Nuclear levels of NF-κB increase and of Nrf2 decrease in RPTs in response to LPS. A, top: representative immunoblot of NF-κB and protein loading control histone-4 in control (lane 1) and LPS-treated rats given normal (lane 2) and high salt (lane 3). Bottom: bars represent the ratios of the densities of NF-κB and histone-4. B, top: representative immunoblot of Nrf2 and protein loading control histone-4 in control (lane 1) and LPS-treated rats given normal (lane 2) and high salt (lane 3). Bottom: bars represent the ratios between the densities of Nrf2 and histone-4. Results are means ± SE from 4–5 experiments (n = 4–5 animals). *Significantly different from control. #Significantly different from LPS.

Fig. 4.

LPS decreases D1 receptor numbers and the levels of D1 receptor proteins in the membranes of RPTs. A: radio D1 receptor antagonist ³H-SCH23390 binding in the membranes of RPTs. B, top: representative immunoblot of D1 receptor proteins in the membranes of RPTs from control (lane 1) and LPS-treated rats given normal (lane 2) and high salt (lane 3). Bottom: bars represent the densities of D1 receptor protein. C, top: representative immunoblot blot of D1 receptors and protein loading control GAPDH in the homogenates of RPTs from control (lane 1) and LPS-treated rats given normal (lane 2) and high salt (lane 3).

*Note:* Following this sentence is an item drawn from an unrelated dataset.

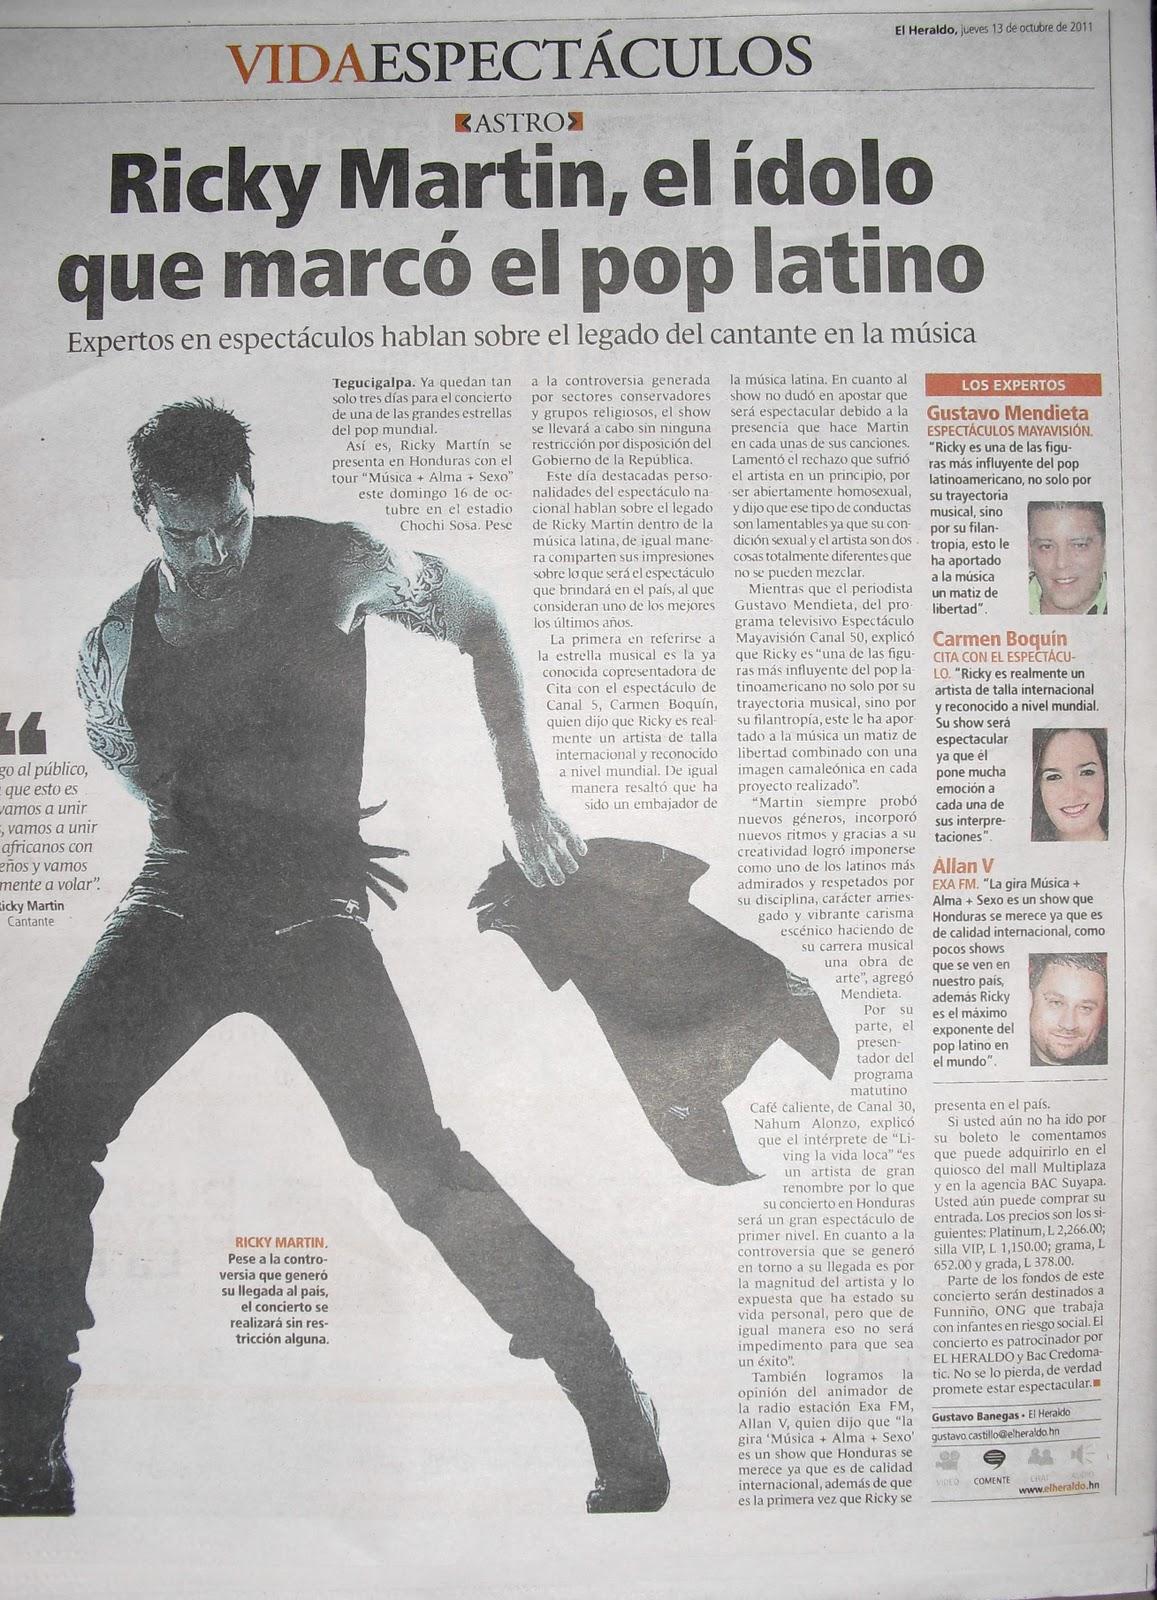 http://3.bp.blogspot.com/-q2W4sjbo1gk/TpeSFgg3-hI/AAAAAAAAB_c/42Scrq0azFo/s1600/Nota+El+Heraldo+Ricky+Martin.JPG

Bottom: bars represent the ratios of the densities of D1 receptors and GAPDH. Results are means ± SE from 4–5 experiments (n = 4–5 animals). *Significantly different from control. #Significantly different from LPS.

Fig. 5.

LPS decreases D1 receptor agonist-mediated receptor G protein coupling and attenuates inhibitory response of the agonist on Na-K-ATPase. A: ³⁵S-GTPγS binding in response to D1 receptor agonist SKF38393 (10⁻⁶ M), an index of D1 receptor G protein coupling, in RPT membranes of control (open bars) and LPS-treated rats given normal (hatched bars) and high salt (filled bars). B: ⁸⁶Rubidium uptake, an index of Na-K-ATPase activity, in primary cultures of RPTs treated with (hatched bars) and without (open bars) LPS (1 μg/ml, overnight). The ability of D1 receptor agonist (1 μM, 10 min) to inhibit Na-K-ATPase activity in cultures treated with vehicle (open bars) attenuates in cultures prior treated with LPS (hatched bars). Results are means ± SE from 4–5 experiments (n = 4–5 animals). *Significantly different from vehicle in controls in A and B.

Fig. 6.

LPS increases systolic but not diastolic blood pressure (BP) in LPS-treated rats on high-salt diet. Rats given high salt are identified by filled bars. Rats given normal salt are identified by open and hatched bars. Results are means ± SE from 4–5 experiments (n = 4–5 animals). *Significantly different from control (open bars). #Significantly different from LPS-treated rats given normal salt (hatched bars).